When having a crypto-backed stablecoin, you’re technically locking your cryptocurrency into a smart contract to have stablecoins of equivalent value.
To redeem your cryptocurrency, the stablecoin is placed into the same smart contract, and the original collateral amount becomes available to be withdrawn.
Examples of these stablecoins are WBTC, DAI, etc.
These stablecoins are not collateralized by crypto or fiat.
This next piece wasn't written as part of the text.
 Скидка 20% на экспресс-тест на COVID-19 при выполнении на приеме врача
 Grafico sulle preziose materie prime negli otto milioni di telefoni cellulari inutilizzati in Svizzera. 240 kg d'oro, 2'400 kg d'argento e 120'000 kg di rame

Instead, their stability is retained through algorithms and smart contracts that manage the supply of tokens in circulation.
The algorithms are computer programs running on preset formulas – that work closely with the law of supply and demand – an increase in supply leads to a decrease in price.
For instance, when the price of the stablecoin exceeds the price of the fiat currency it follows, new tokens will enter circulation(increase in supply) to reduce the stablecoin value.
Also, when the market price of the stablecoin falls below the price of the fiat currency being tracked, tokens will be removed (decrease in supply) from circulation to stabilize the price.
This stablecoin kind is not really common, it is backed by physical assets like precious metals, oil, and property and land holdings.
However, the prices of commodities are also volatile, which could lead to value loss.
These stablecoins can be used to facilitate investments in assets that might not be available locally.
For instance, these stablecoins can be used in countries where it is difficult to locate, purchase, and store assets like bars of gold and silver.
Which Stablecoin type is the best stablecoin?
All stablecoin types are unique in their own way. Depending on what you want, you can choose a particular type over the other.
However, from the stablecoin type gaining massive attention and users, Fiat backed-stablecoins are the most used stablecoins in the world at large.
Tether (USDT) is the most popular and largest stablecoin by market capitalization, followed by USD Coin (USDC).
Top 9 Stablecoins by market capitalization
According to coinmarketcap data, the top stablecoins by market capitalization are;
- TETHER, USDT ($69,117,299,495)
- USD COIN, USDC($43,705,956,222)
- BINANCE USD, BUSD($21,395,177,480)
- DAI, DAI ($6,290,111,851)
- Pax Dollar, USDP ($941,965,986)
- TrueUSD, TUSD ($824,379,459)
- USDD, USDD ($723,754,678)
- Neutrino USD, USDN ($661,844,388)
- Fei USD, FEI ($420,008,280)
As we know, there is a disadvantage to everything and there is a significant amount of risk also attached.
Stablecoins also has disadvantages;
- The ones that are crypto-backed have volatility problems.
- The Fiat-backed can have decentralization problems.
- Generally, they can be subjected to human error, and the owner of the reserve might refuse to redeem assets.
- Algorithm stablecoins can be treated as a Ponzi scheme where new tokens are only created through new users depositing collateral, so when users stop depositing, it crashes.